The power development at the Menihek site includes a 228.6 m concrete gravity dam, a water intake, powerhouse and a 4-gate spillway, with a capacity of 4247 m3/s.

The impoundment of Menihek Lake, which serves as a reservoir, is completed by three rock-fill dikes made of glacial till, for a total length of 6.2 km. The Tshiuetin Rail Transportation shortline railway (formerly the Menihek Subdivision of the Quebec North Shore and Labrador Railway) connecting Schefferville and Sept-Îles uses the dikes to cross the area.

The powerhouse was designed to receive four generating units but only two were installed when the plant came on stream in 1954. Units 1 and 2 are equipped with Francis turbines and each have a capacity of 4,400 kW at a nominal hydraulic head of 10.4 m. Each turbine is coupled to a 5,000 kVA alternator. In 1960, IOC added unit 3, a 9,900-kW Kaplan turbine under a 12 m head and its 12,000 kVA alternator.

==Aerodrome==

Menihek Aerodrome is an abandoned airport located on the east coast of Menihek Lake, Labrador, Canada.

===History===
The airport was built between 1951 and 1952 by the Iron Ore Company of Canada to service the Menihek Hydroelectric Generating Station built to meet the power requirements of its iron ore mining operations at the Knob Lake site, near the company town of Schefferville.
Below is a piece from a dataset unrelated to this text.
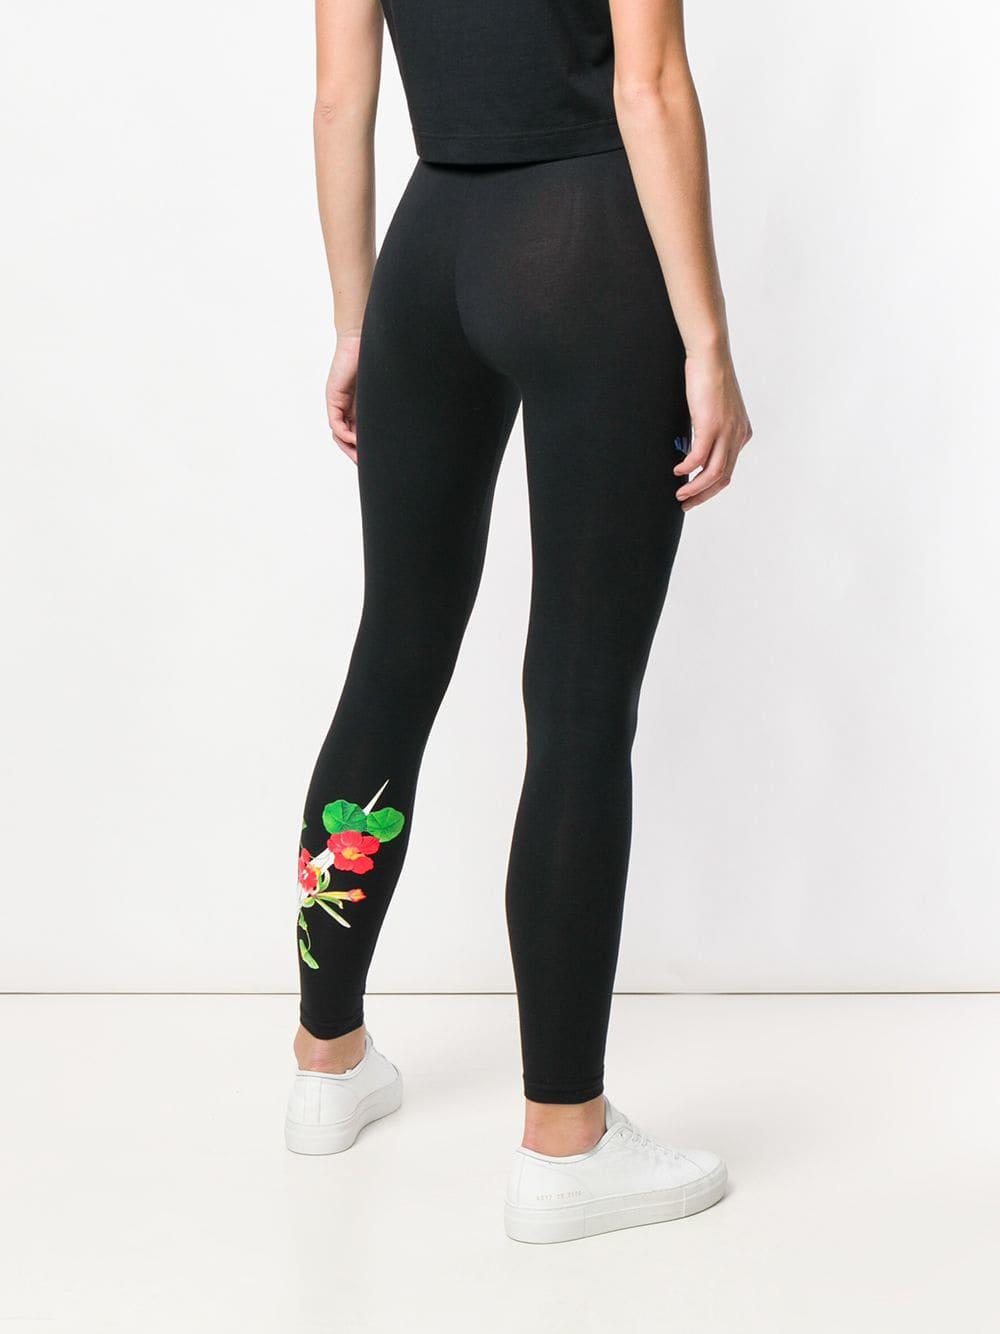 qqqwjf.nike floral print tights , Off 63%,dolphin-yachts.com

===Accidents and incidents===

On 28 July 1953 an Avro 683 Lancaster (registration CF-GBA) of World-Wide Airways crashed upon landing while on a cargo flight from Sept-Îles Airport. The airplane was carrying a cargo of 8100 litres of diesel, 1135 litres of gasoline, and 3000 litres of avgas. The approach was performed in strong crosswinds and after landing the airplane veered out of control and collided with rocks at the end of the runway. Both pilots evacuated without injury while the aircraft caught on fire and was destroyed.

== See also ==

- List of electrical generating stations in Newfoundland and Labrador
- Churchill Falls Generating Station
- Labrador boundary dispute
- History of Hydro-Québec

== Works cited ==
- Cloutier, J. (2002). "Audit de la centrale Menihek"
- Envir-Eau (2009). "Hydrogeological report DSO2 and DSO3 sectors. Schefferville (Quebec) and Elross Lake (Newfoundland and Labrador)"
- Hydro-Québec Distribution (2006). "Projet de prise en charge de l'alimentation électrique de la région de Schefferville, phase I"
- Newfoundland and Labrador Hydro (2008). "2008 Business and Financial Report"
- RSW Inc. (2001). "Étude sur la centrale de Menihek et ses réseaux de transport et de distribution. Rapport préliminaire, volet 1"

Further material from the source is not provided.